== Assignment ==
Print the data exactly as written, but leave out each picture.
[[ Dataset section open ]]
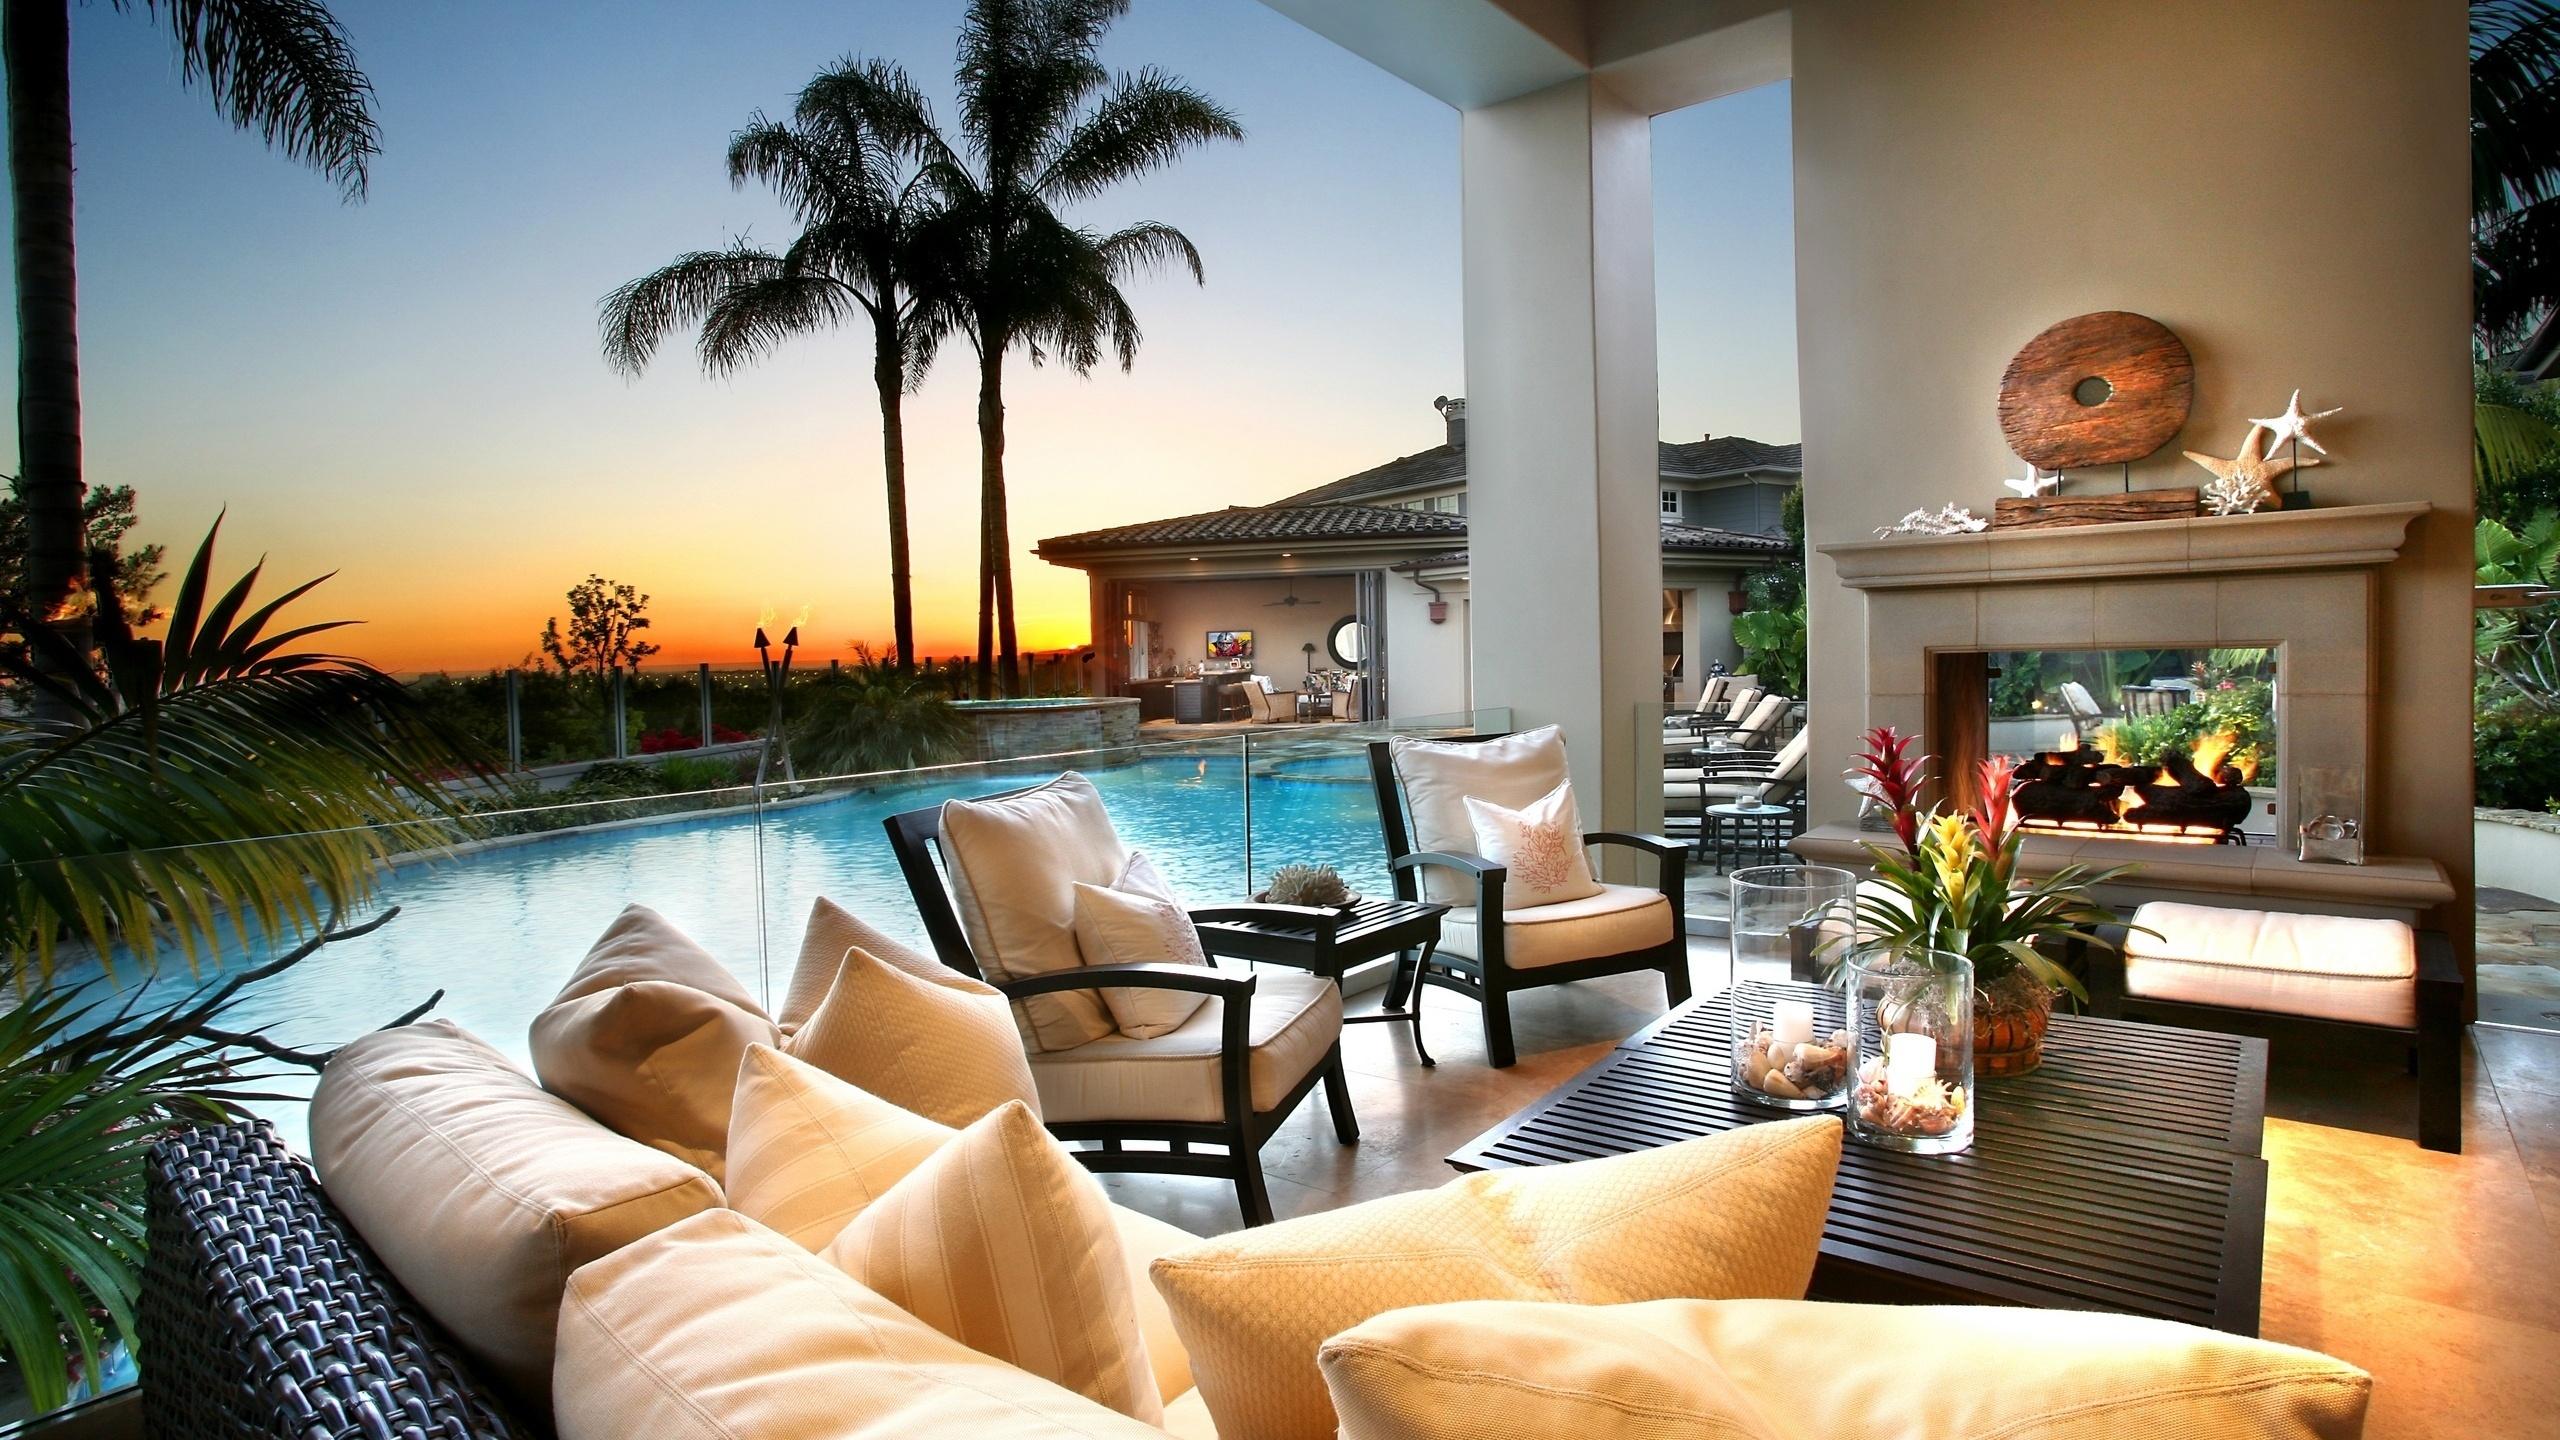 Скачать обои интерьер, пальмы, бассейн, тропики, фазенда раз.
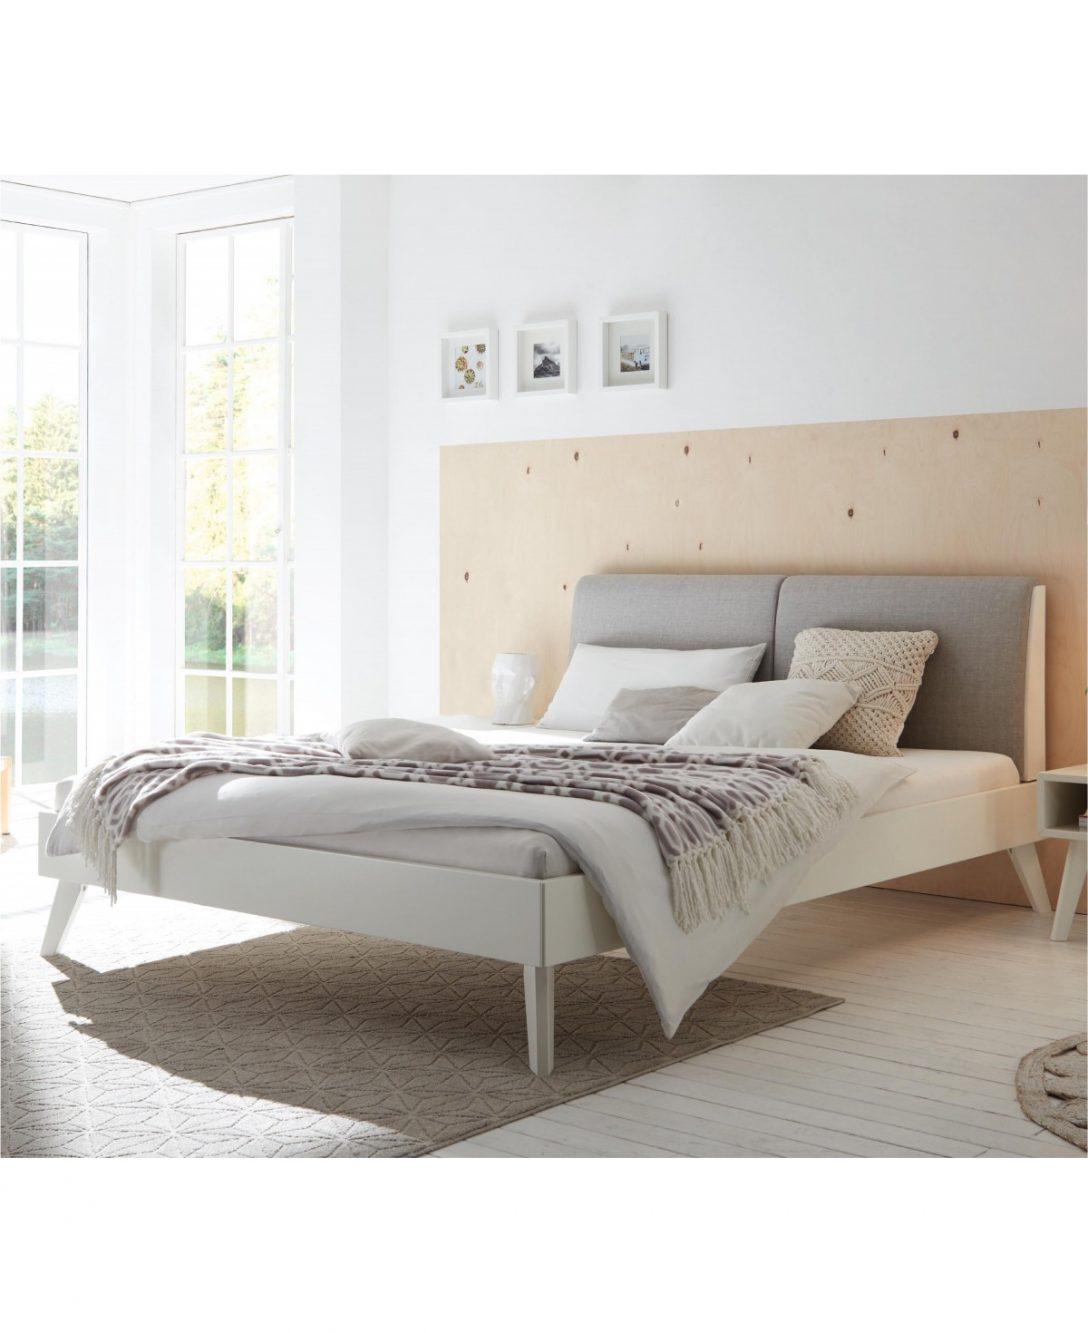 Large Size of 160x200 Bett Hasena Simone 20 Buche Wei Deckend Polsterkopfteil Grau Betten Für Teenager Ikea Weiss Kinder Meise Luxus Kaufen 140x200 Günstig 180x200 Bett 160x200 Bett
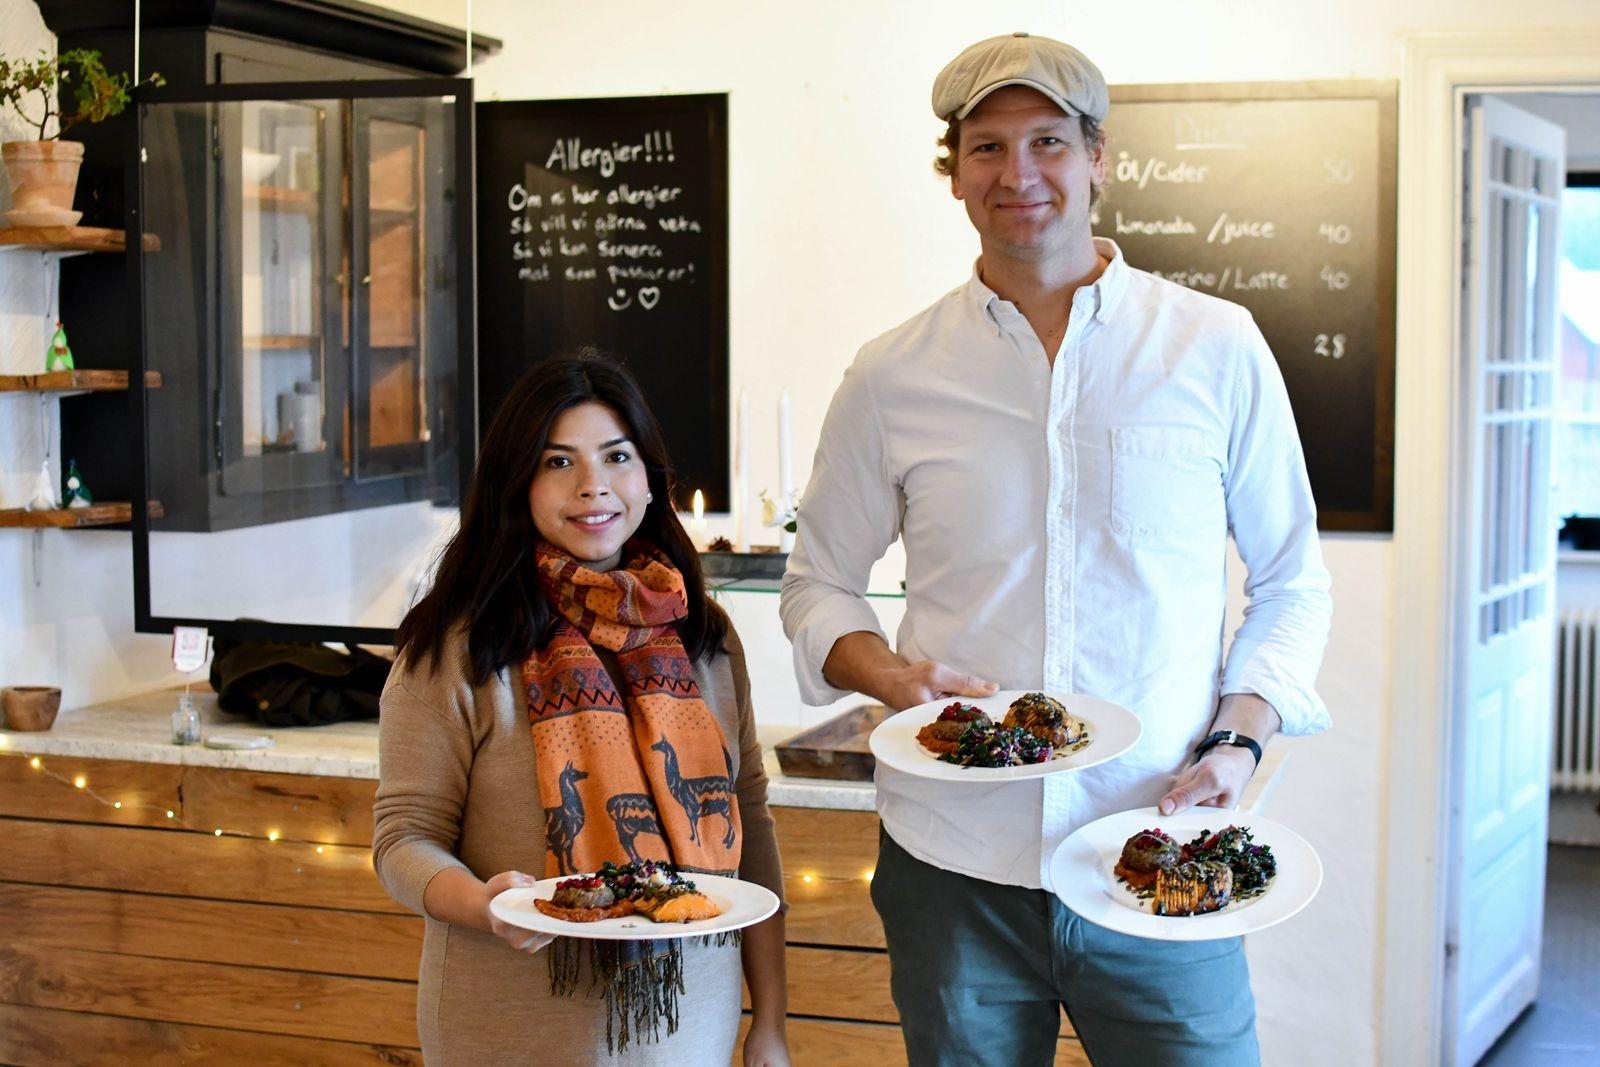 """Giovanna och Jon Lindberg drivs av en stor passion för matlagning och smaker. """"Vi gör mat vi själva älskar och den utvecklas med oss"""" säger Giovanna. Hennes peruanska rötter och Jons många år på resande fot gör avtryck i köket, där paret skickligt kombinerar smaker från hela världen i nya, spännande rätter."""
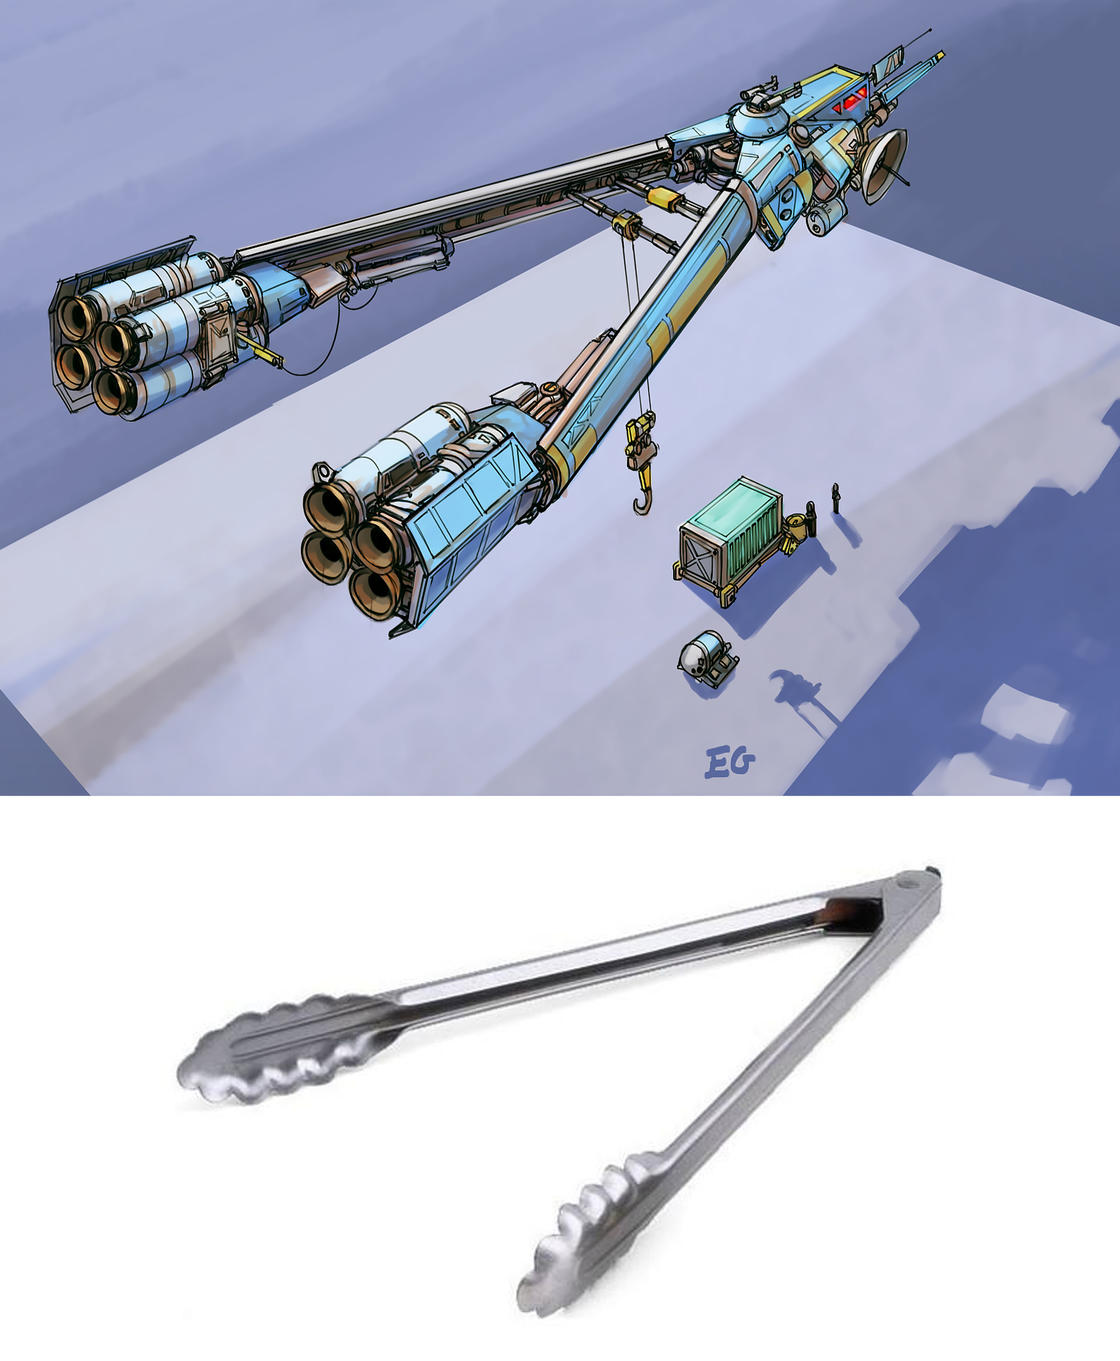 Cet illustrateur transforme les objets du quotidien en vaisseaux futuristes
[[ Dataset section closed ]]
== The completed task ==
 Скачать обои интерьер, пальмы, бассейн, тропики, фазенда раз.
 Large Size of 160x200 Bett Hasena Simone 20 Buche Wei Deckend Polsterkopfteil Grau Betten Für Teenager Ikea Weiss Kinder Meise Luxus Kaufen 140x200 Günstig 180x200 Bett 160x200 Bett
 """Giovanna och Jon Lindberg drivs av en stor passion för matlagning och smaker. """"Vi gör mat vi själva älskar och den utvecklas med oss"""" säger Giovanna. Hennes peruanska rötter och Jons många år på resande fot gör avtryck i köket, där paret skickligt kombinerar smaker från hela världen i nya, spännande rätter."""
 Cet illustrateur transforme les objets du quotidien en vaisseaux futuristes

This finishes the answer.